Communication and attitude were definitely the words for the week. Fortunately, they weren’t the words for my work week. Unfortunately, they were the words for my parenting week.
When I picked up Iz today at her Summer camp (the Summer Camp formerly known as the After-School program), she ran over to me with her forehead ever so sweaty from running around and said in her best angry whine, “Mommy, I didn’t need my car seat today.” She told me last night that they were going to Knuckle Bones, so when Nathan dropped her off this morning, I had him leave her car seat. I said, “But, I thought you said you were going to Knuckle Bones in the van?”
She said quite perturbed, “Nooooooo.” I asked, “Then what was the field trip today?” She said sighing, as if I didn’t know how to spell my own name, but to her credit, she saved me the eye roll, “The Knuckle Bone guy came here.” I said, “That must have been fun.” She said, “Oh.

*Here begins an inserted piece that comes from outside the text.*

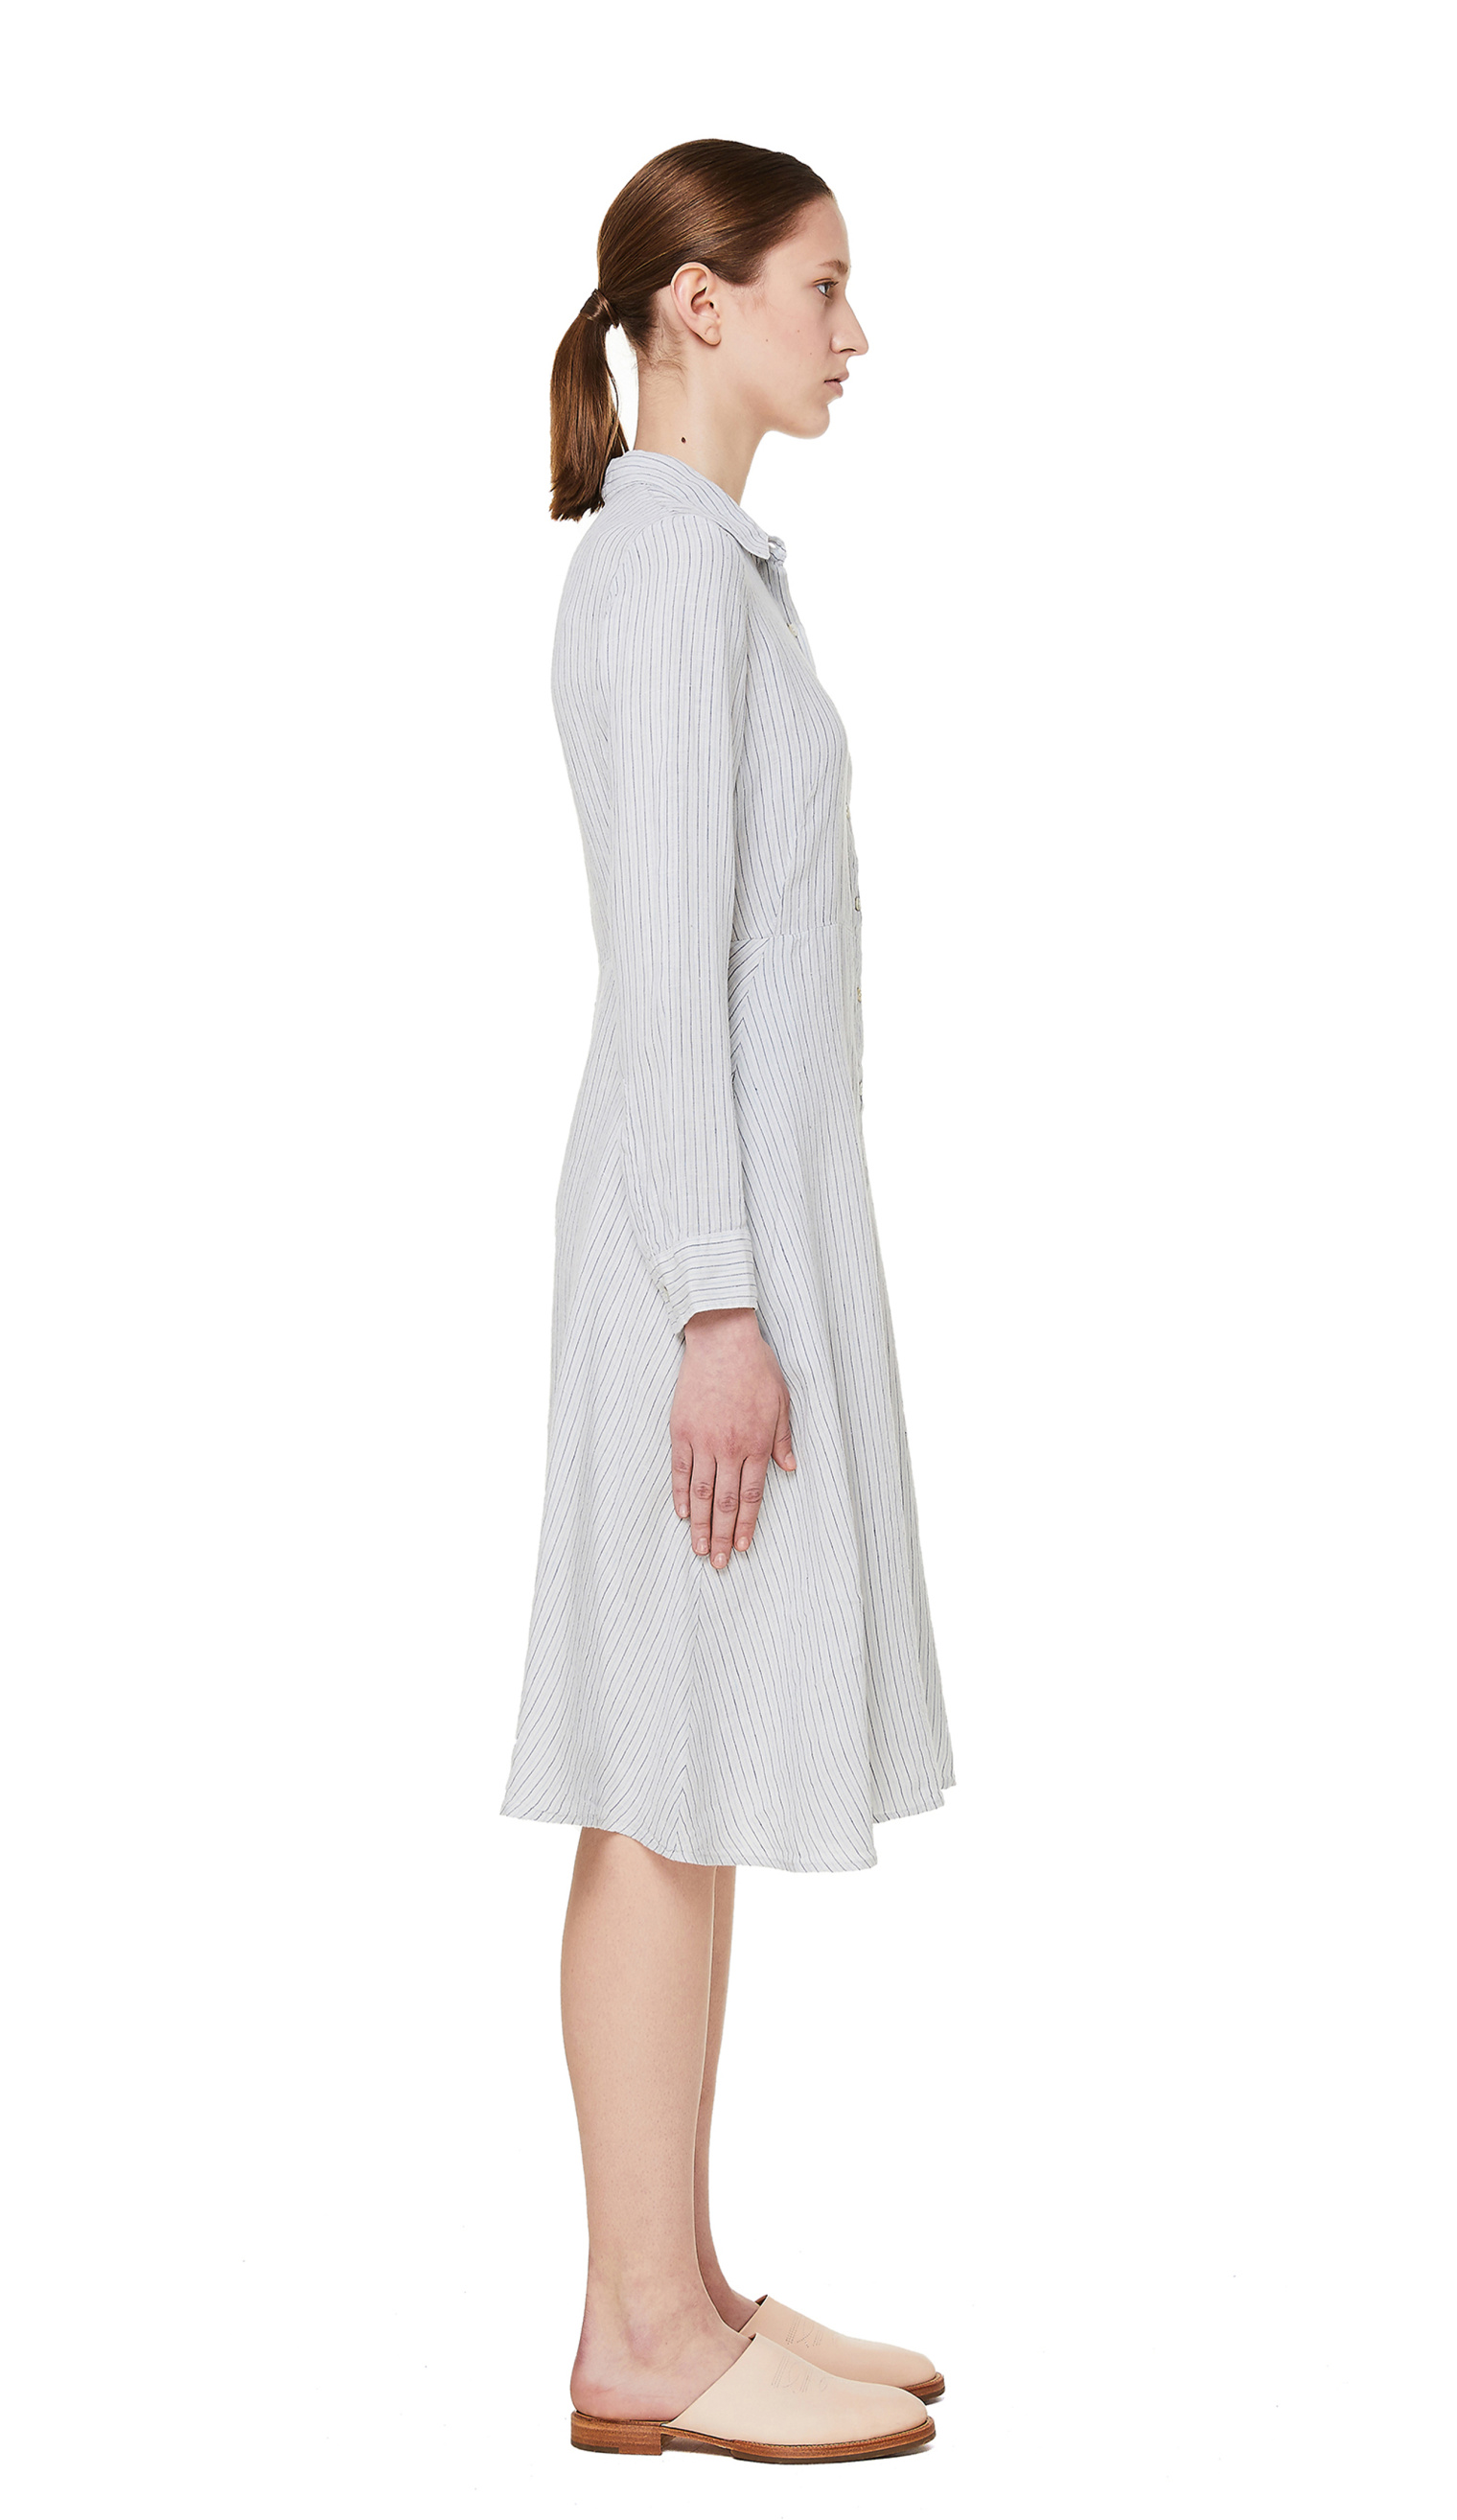 120% Lino Grey Striped Linen Dress

Yeah. Fun,” and then came the big finish, the eye roll.
It sounded like a good time to me given that she wasn’t reading through a User Guide most of the day trying to make sense of VoIP network security like I was. It seemed that Iz was really peeved because she didn’t get to go in the van. In fact, I think it didn’t matter where she went today, she just wanted to ride in the van somewhere!
As we headed down the stairs, I could sense her disappointment. Well, I didn’t sense it. She verbalized it, especially after she picked up her car seat by the doorway and sighed as we headed out the door.
Once we got in the car, I thought, “Okay, this van ride disappointment too shall pass,” especially if I offer her a Happy Meal for dinner. Of course, I counted on my Happy Meal being the answer to her contentedness before the Happy Meal toy was even opened. I hate it when I do that!
As we drove to McDonald’s, Iz said, “Mom, Miss Leola said that you can’t play games outside unless your forms are in.” I said, “All your forms are in.” She said, “No, Mom. Miss Leola said you can’t play games outside unless your forms are in.”
Again, I said, “Iz, all your forms are in, so you can play games outside.” She said, “No, Mom. Listen to me.” I said, “Iz, tell Miss Leola that you can play games outside, because your forms are in.”
She began to get upset. I had no idea why; her forms had been submitted. Iz had the green light on outdoor activities that I would not sue the school over. So, why was she bothered by what I said?
Again, she said, “No. Mommy. Listen to me.” Totally frustrated I said, “But, Iz….” She said, “Mommy, listen!”
I found it hard to believe I was missing something. I thought I had solved her problem by reassuring her that her forms were in. She could tell Miss Leola that she could play kickball outside tomorrow, and I would not sue the school if she fell down and scraped her knee.
Finally, I said, “Okay. Tell me again.” She said, “Miss Leola said that you couldn’t play games outside if your forms aren’t in. But, it’s outside. Isn’t that dumb?” I finally realized what she was trying to say, even though I thought that I knew what she was trying to say five minutes ago.
All she wanted to say was that she thought it was silly that kids needed forms to play games outside; I had to agree with her. I said, “Well, Iz, schools have to make sure that parents know what’s going on and approve of it.” I couldn’t help but travel back to when I was a kid; we had no helmets, there was only one form to sign, if any, and we used our imaginations instead of a Nintendo DS or an X-box.
So, after twenty minutes, I had finally understood what Iz was trying to say. After a day, I was still trying to understand what Nathan was trying to say to me most of the time. Some days, after such parent-child communications, I really wanted to give up, not pass Go, and head directly back to work.
Did that make me a bad parent?
No.
Today, I think it made me a perfectly normal parent.